1. Field of the Invention
The present invention relates to a dry etching apparatus used in the manufacture of semiconductor devices, and more particularly, to a two parallel plate electrode type dry etching apparatus using microwaves.
2. Description of the Related Art
A dry (plasma) etching apparatus has been broadly used in obtaining a fine structure of semiconductor devices. Particularly, when use is made of microwaves, the isotropic etching characteristic is excellent, the energy of ions can be arbitrarily controlled, and a fine structure having a large aspect ratio can be obtained.
In a prior art dry etching apparatus (see: JP-A-SHO56-155535), microwaves generated in a microwave oscillator are supplied along a waveguide through a microwave introduction window into a plasma generating chamber, to thereby excite plasma. Then, the excited plasma is supplied from the plasma generating chamber via a plasma intake window into a substrate processing chamber, to thereby etch a semiconductor substrate. This will be explained in detail later.
In the above-mentioned prior art dry etching apparatus, however, since a region where the excited plasma is uniform is limited by the size of the microwave introduction window and the size of the plasma intake window, the etching rate is not uniform, particularly in a large size semiconductor substrate such as an 8 inch (20.3 cm) wafer.
In order to make the etching rate for a large size semiconductor substrate uniform, one suggested approach may be to enlarge the microwave introduction window as well as the plasma intake window; however, this approach is actually impossible, since the size of the microwave introduction window is determined by the wavelength of the microwaves. That is, in the plasma generating chamber, the microwaves are distributed in accordance with the intensity thereof, and the density distribution of the excited plasma is also dependent upon the distribution of the microwaves. Also, in this prior art dry etching apparatus, in order to define the spread of the excited plasma in the lateral direction to thereby make the density of the excited plasma uniform, a large electromagnet is provided to apply a magnetic field to the excited plasma, which is disadvantageous in size.

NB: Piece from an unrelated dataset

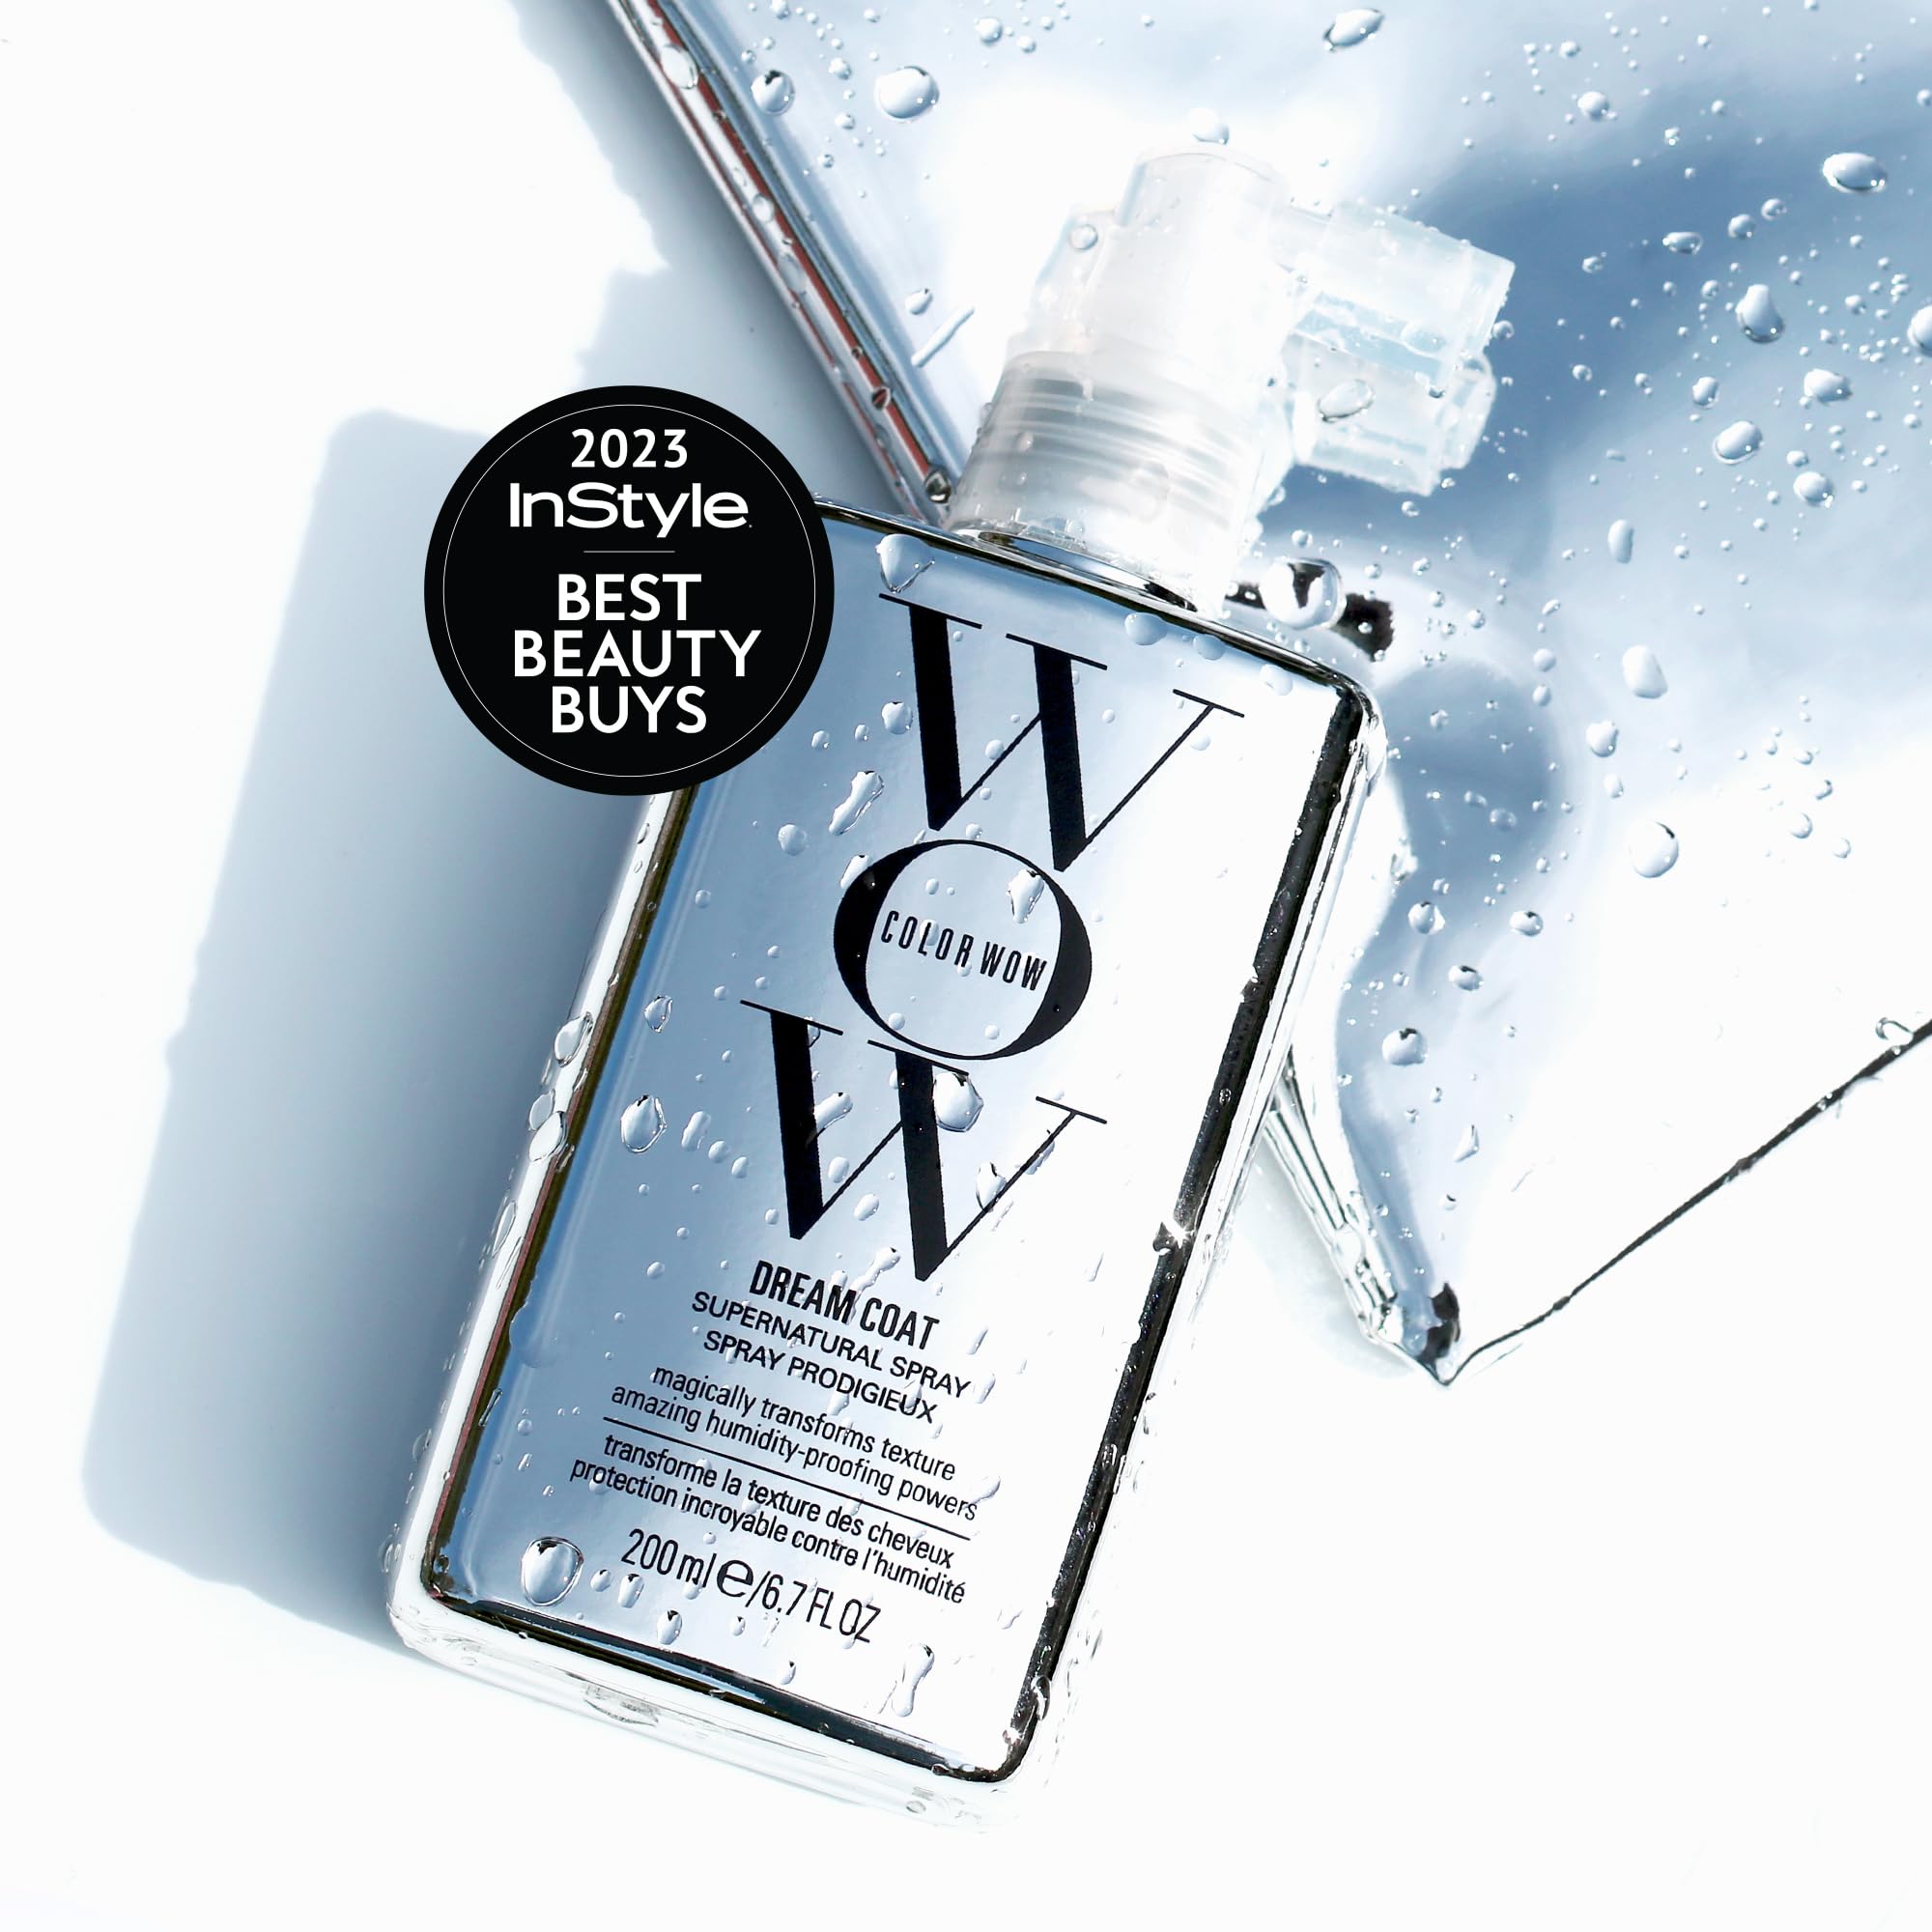 Color Wow Dream Coat Supernatural Spray – Multi award winning anti frizz spray keeps hair frizz free for days no matter the weather with moisture repellant anti humidity technology; glass hair results

In another prior art dry etching apparatus, where two parallel plate electrodes are provided within a plasma generating chamber which also has mounted thereon a semiconductor substrate to be etched, the uniformity of density of excited plasma is controlled by the pressure thereof. Also in this type of dry etching apparatus, however, it is actually impossible to make the etching rate in a large size semiconductor substrate uniform. In order to effectively make the density of the excited plasma uniform, a plurality of holes are provided in a grounded electrode, and the number of the holes is controlled mechanically by a value mechanism to control all of the excited plasma supplied to the semiconductor substrate (see: JP-A-HEI1-165122). In this prior art dry etching apparatus, however, the flow of the excited plasma is not uniform, so that a time lag is required until the density of the excited plasma becomes stable, and also, it is disadvantageous to mechanically control the value mechanism.